Alicia Hanrahan saw her friend and fellow official Kendall Hanley last week.
Through a closed glass door.
Hanrahan, an Eagan native who refereed at the Sochi Games, dropped off a present for Hanley, who embarked over the weekend for the Winter Olympics in Beijing. As a precaution during the pandemic, Hanley has been on strict quarantine protocols in her St. Louis Park home before she becomes a linesperson for the women's hockey games in China.
Hanley, a native of Raleigh, N.C., first found a love for the game watching the Stanley Cup playoffs on TV and playing street hockey. She went to a prep school in Massachusetts before playing four years of Division III hockey, first at Elmira College, then at SUNY-Oswego, where she got a degree in zoology. Once she graduated in 2009, she didn't think there was going to be much opportunity for women in hockey beyond that.
But when visiting her dad in Dallas in her final semester of school, a woman she met in a pickup game of hockey mentioned she was an official, and it opened up a whole new avenue of possibilities for Hanley.
Since then, she's been moving up in the officiating ranks and bouncing around from Texas to Colorado to Illinois and finally to Minnesota five years ago when her partner's job relocated them here.

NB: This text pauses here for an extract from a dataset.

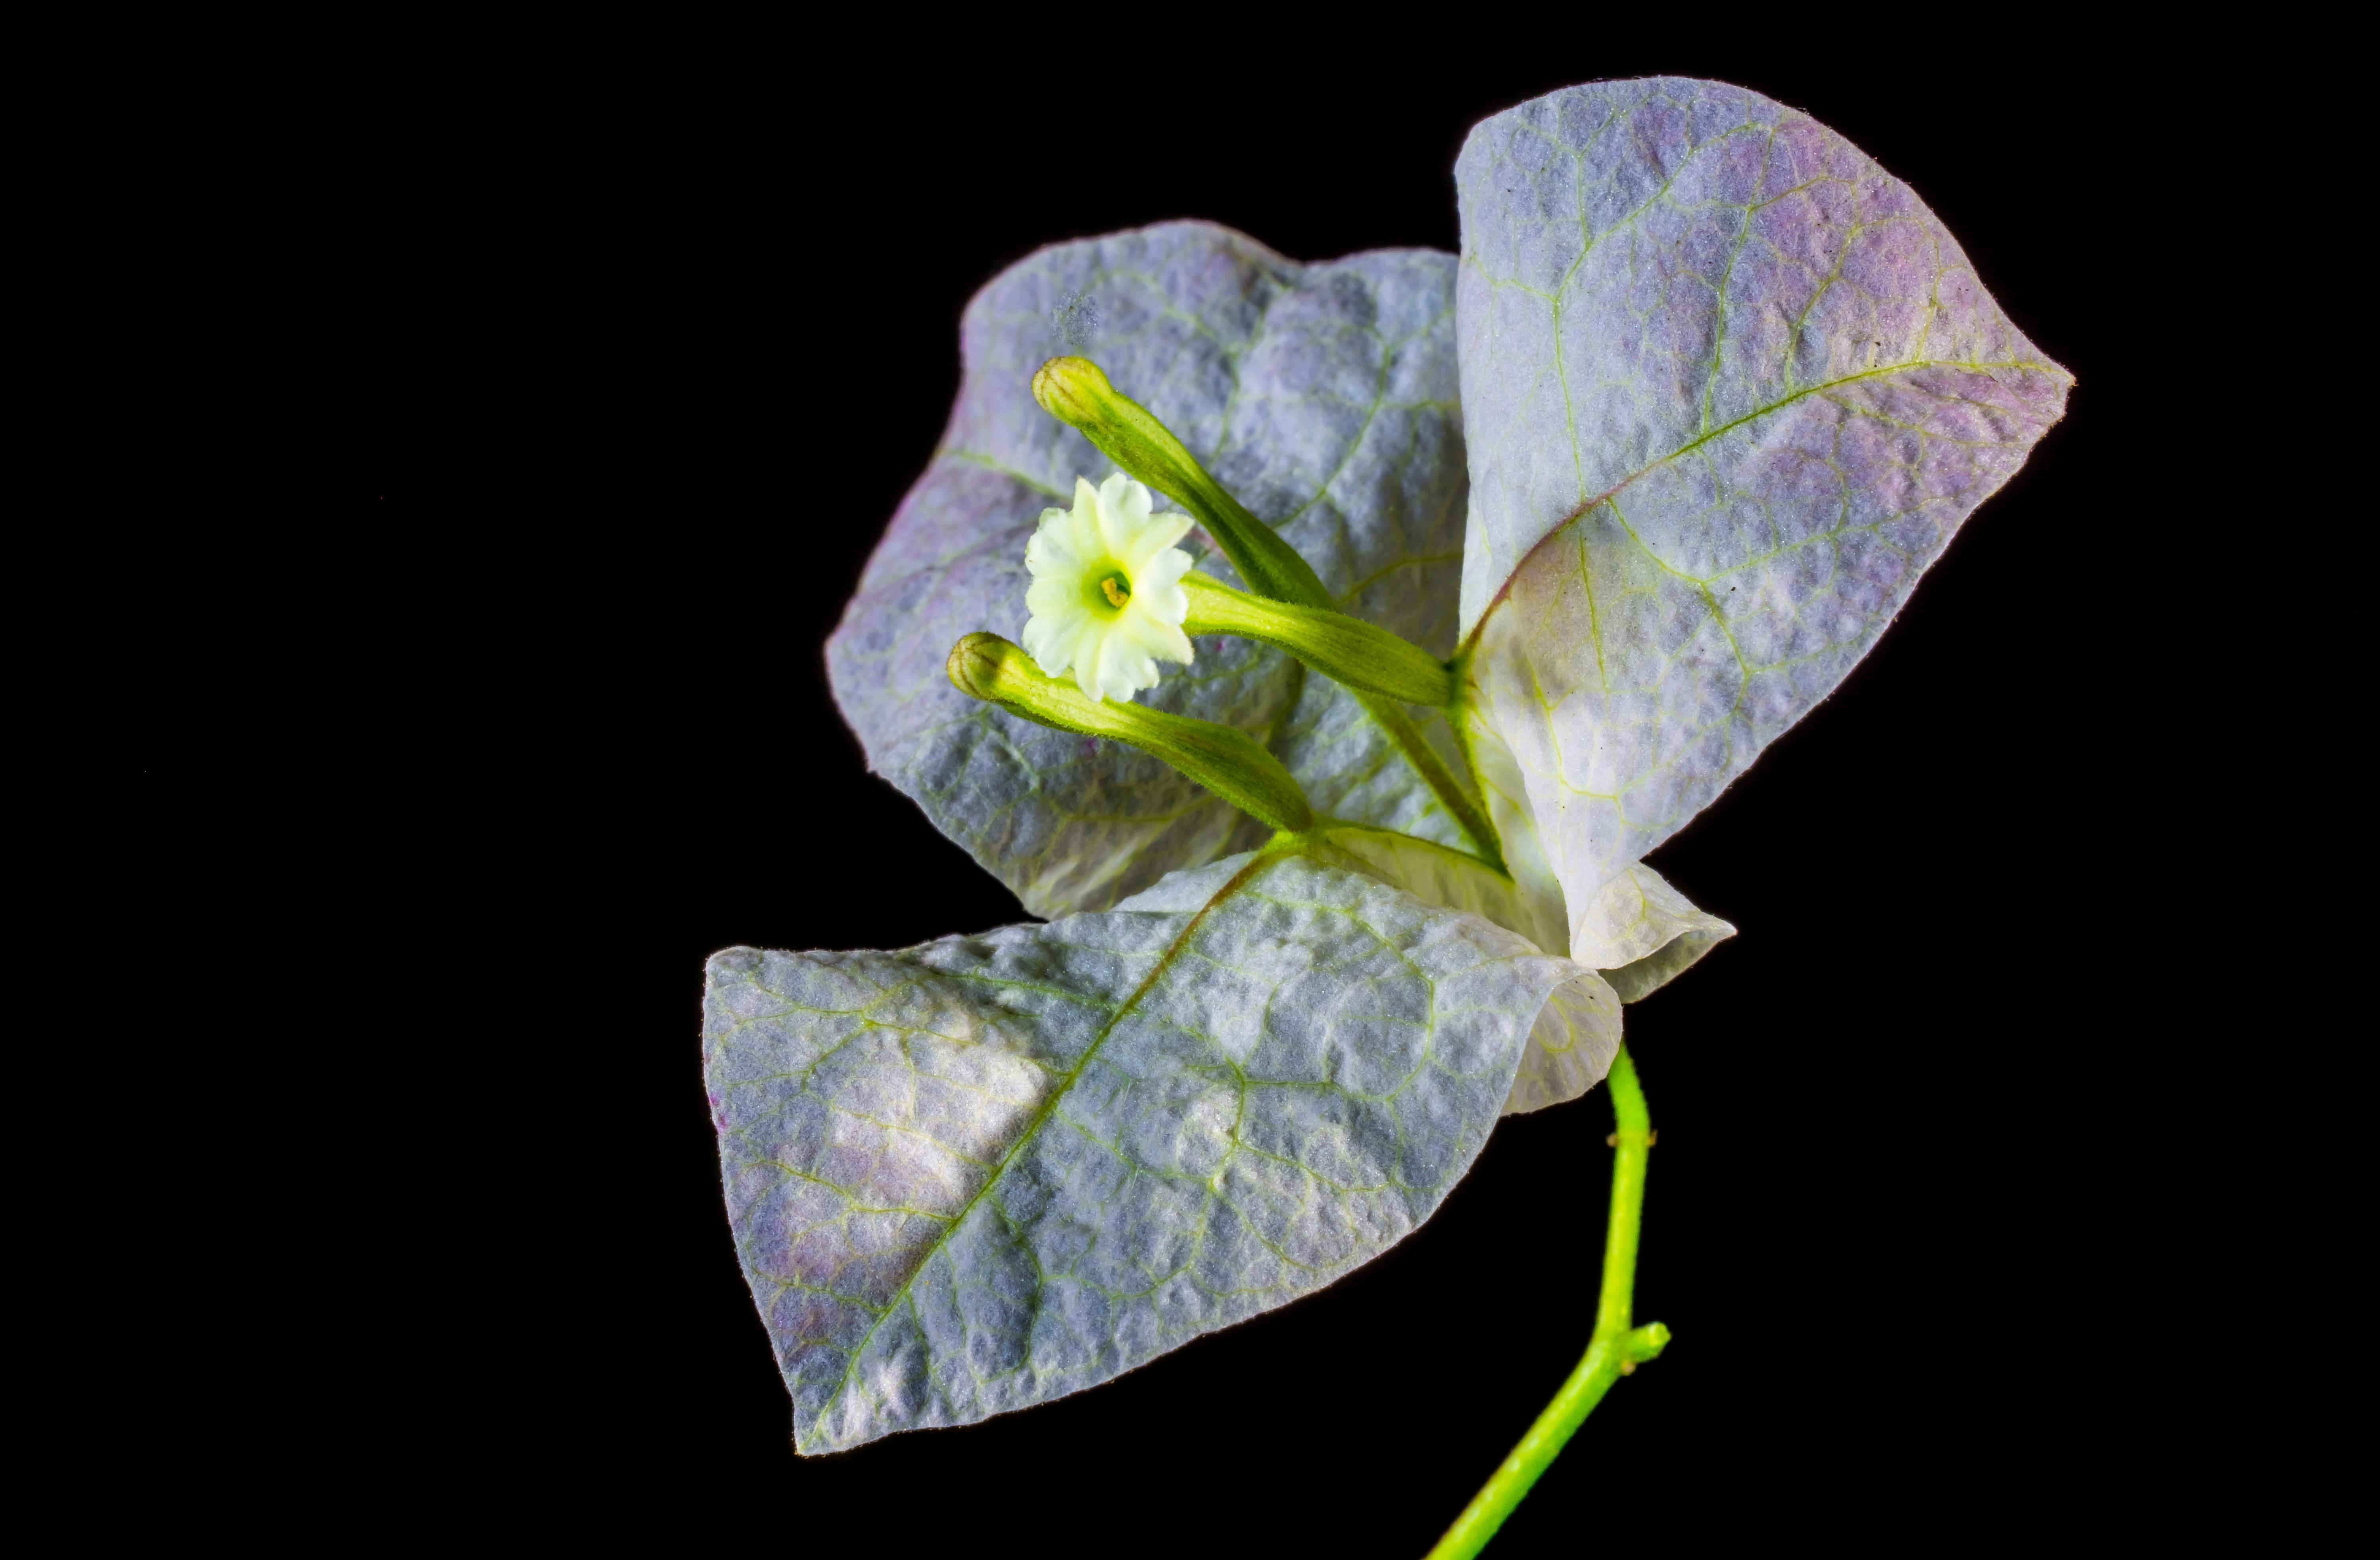 Bougainville Fleur à images gratuites : fleur, blanc, la photographie, feuille, pétale

Hanley has a dog-walking business — she has a yellow lab as well as a coop of chickens for her own pets — and also works for a local fresh pet food company.
Her main focus, though, has been preparing for this Olympic opportunity. She converted her one-car detached garage into a gym for the summer, using the alley as her running runway. For the winter, she commandeers her basement and skates on any of Minnesota's many outdoor rinks, working on her edge control.
"Everybody that's at this level on the athlete side, playing side, is extremely fit," Hanley said. "They're training day in, day out. So we've got to have the same fitness level. So I have a pretty regimented and intense training program that I built around my everyday life."